*** Opening of Data for the task ***
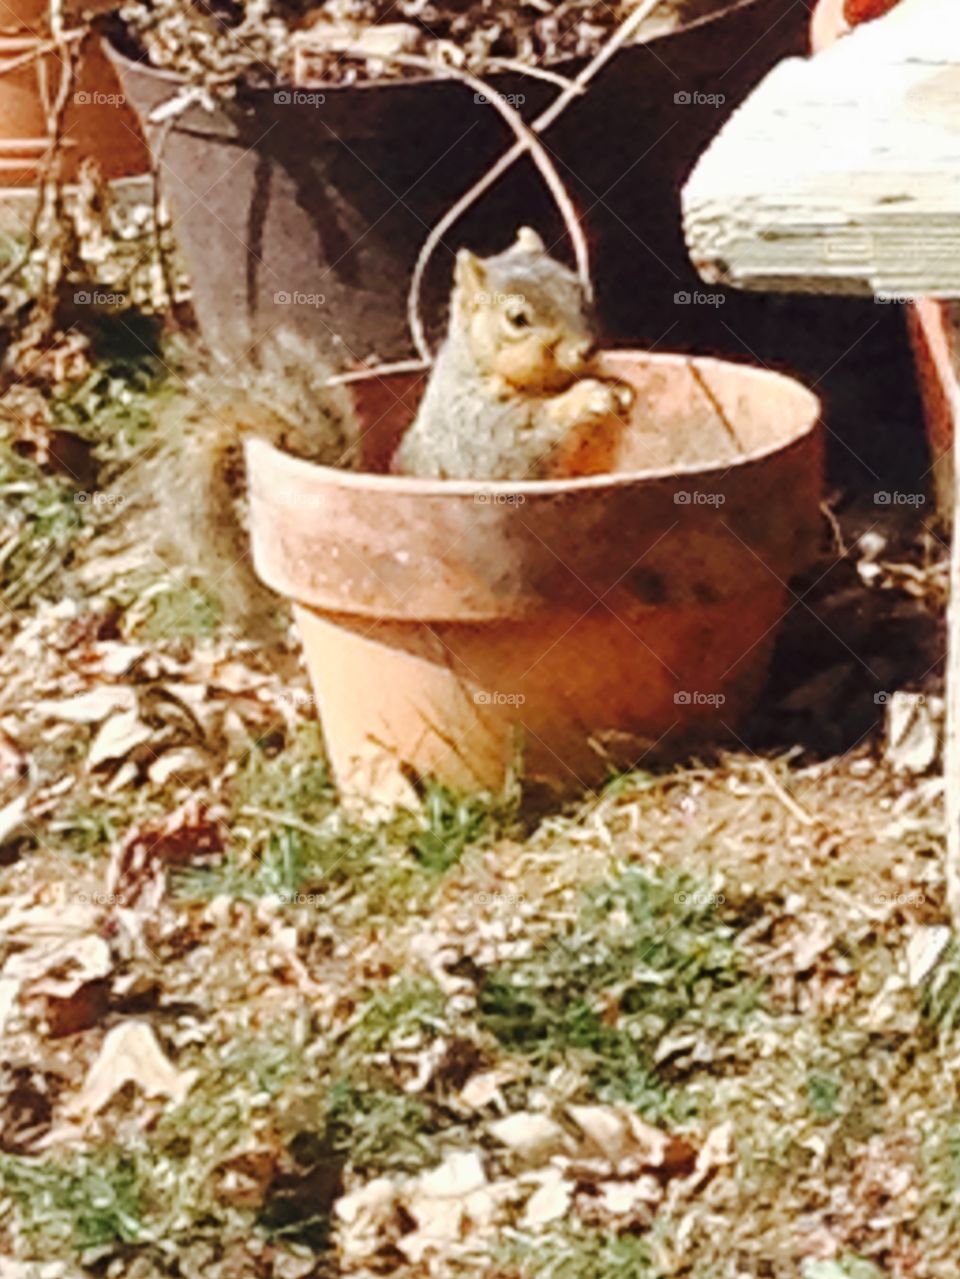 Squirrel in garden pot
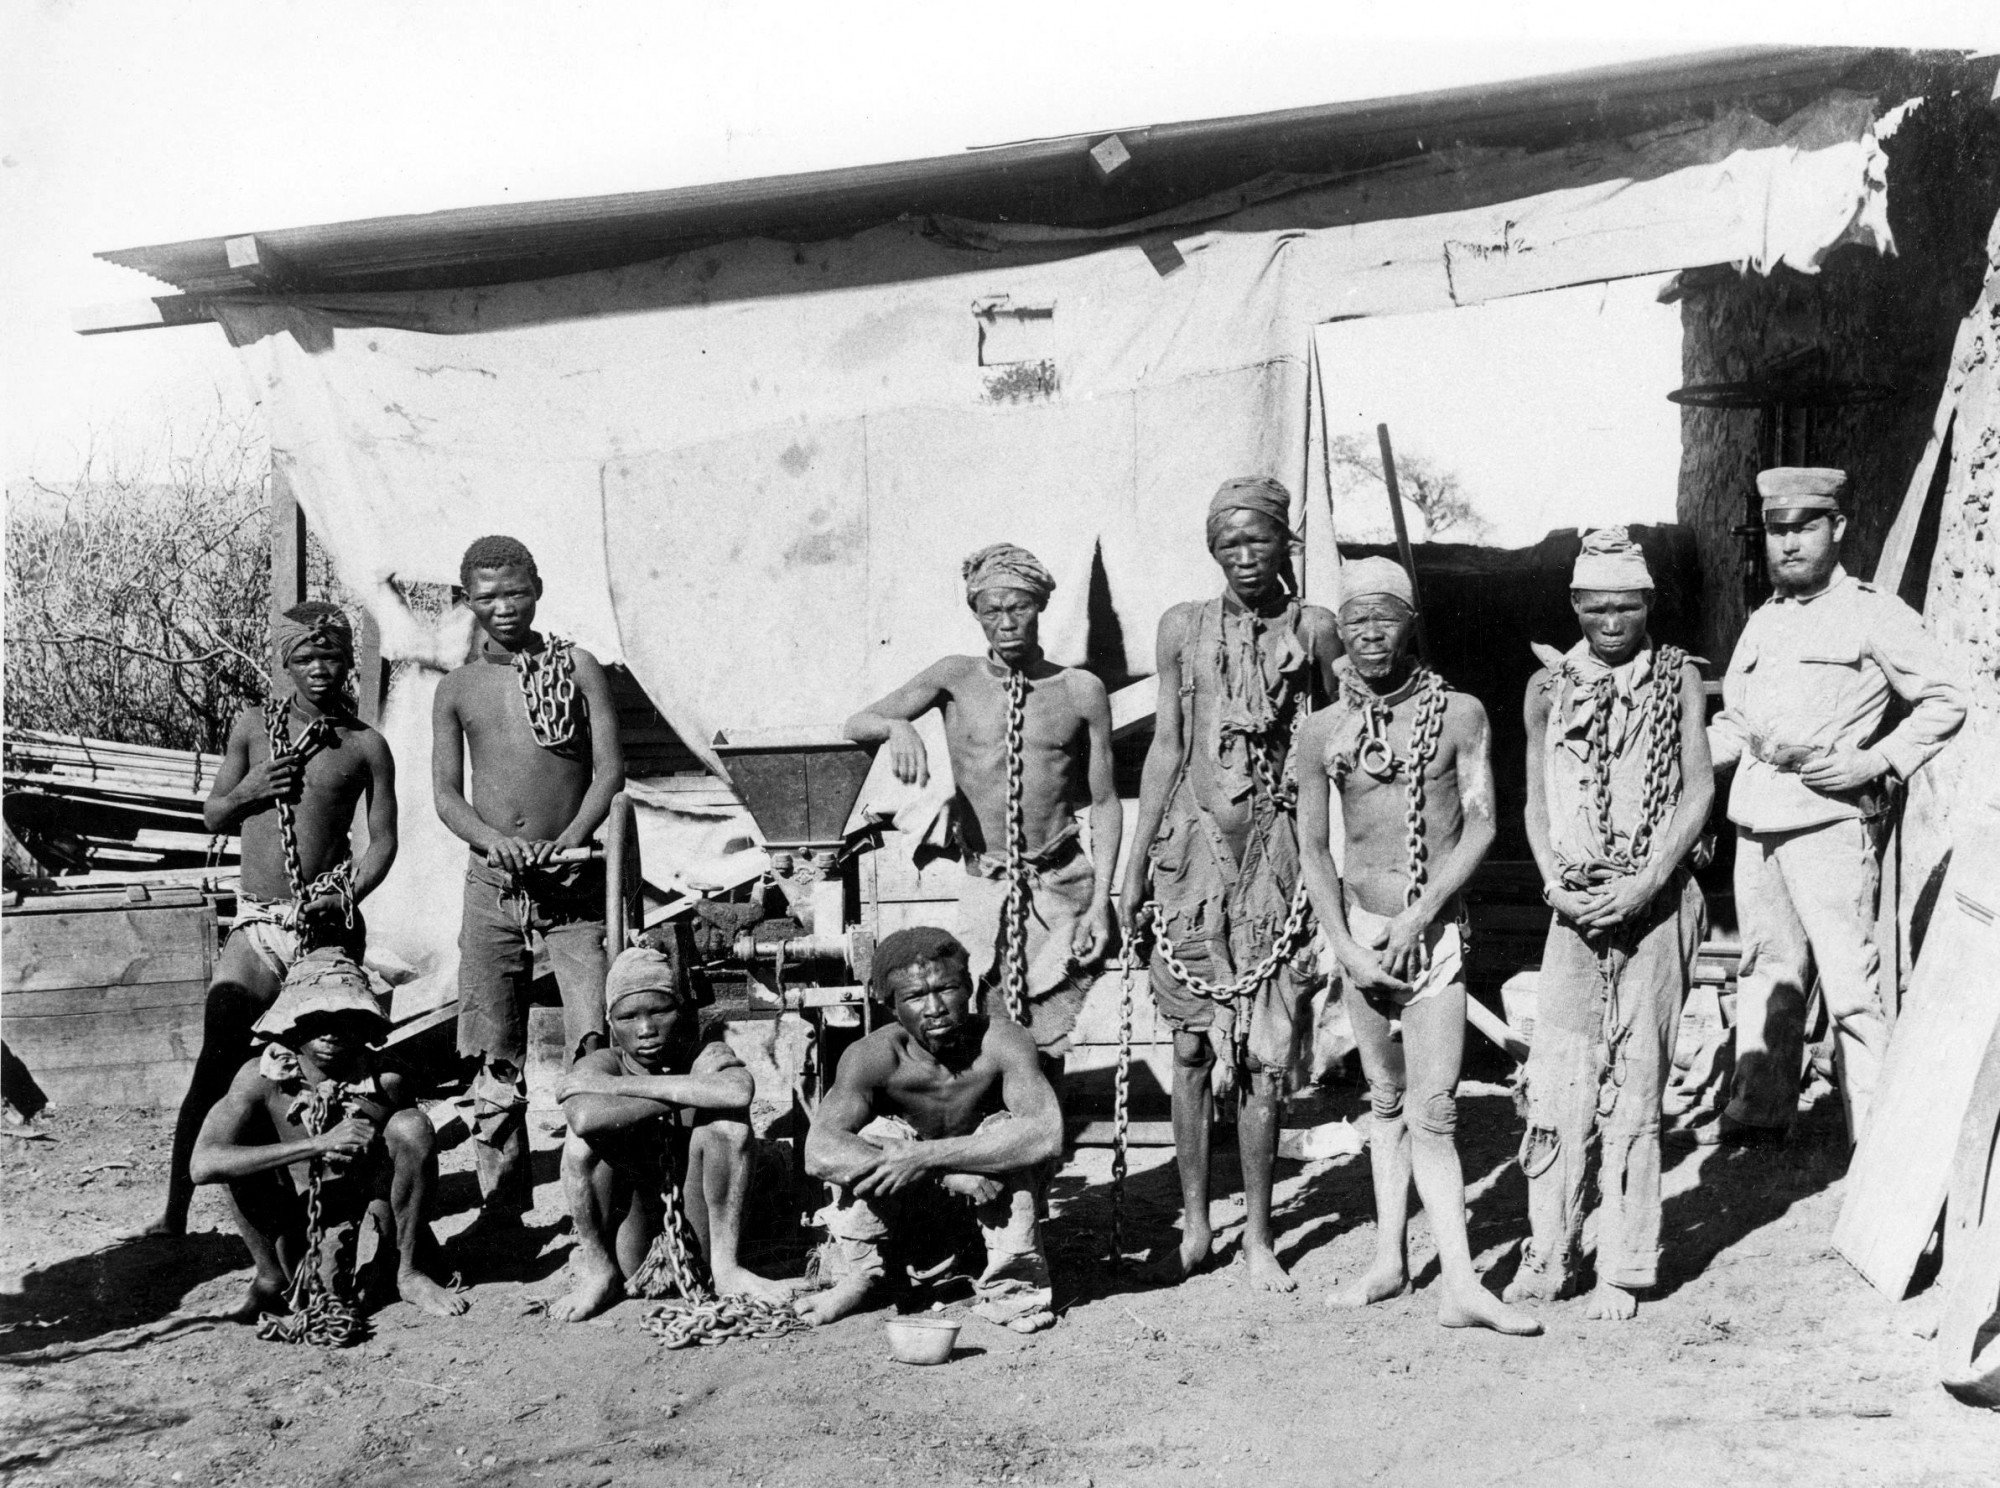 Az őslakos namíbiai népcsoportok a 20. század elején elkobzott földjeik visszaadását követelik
*** Close of Data for the task ***
*** Opening of Data for the task ***
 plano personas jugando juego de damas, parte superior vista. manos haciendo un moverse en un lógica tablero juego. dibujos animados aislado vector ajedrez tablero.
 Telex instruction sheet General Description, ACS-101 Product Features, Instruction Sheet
*** Close of Data for the task ***
The problem:
From the line holding "Squirrel in garden pot" to the line holding "Az őslakos namíbiai", both included, retype the entries above exactly and drop the pictures.

Result of the task:
 Squirrel in garden pot
 Az őslakos namíbiai népcsoportok a 20. század elején elkobzott földjeik visszaadását követelik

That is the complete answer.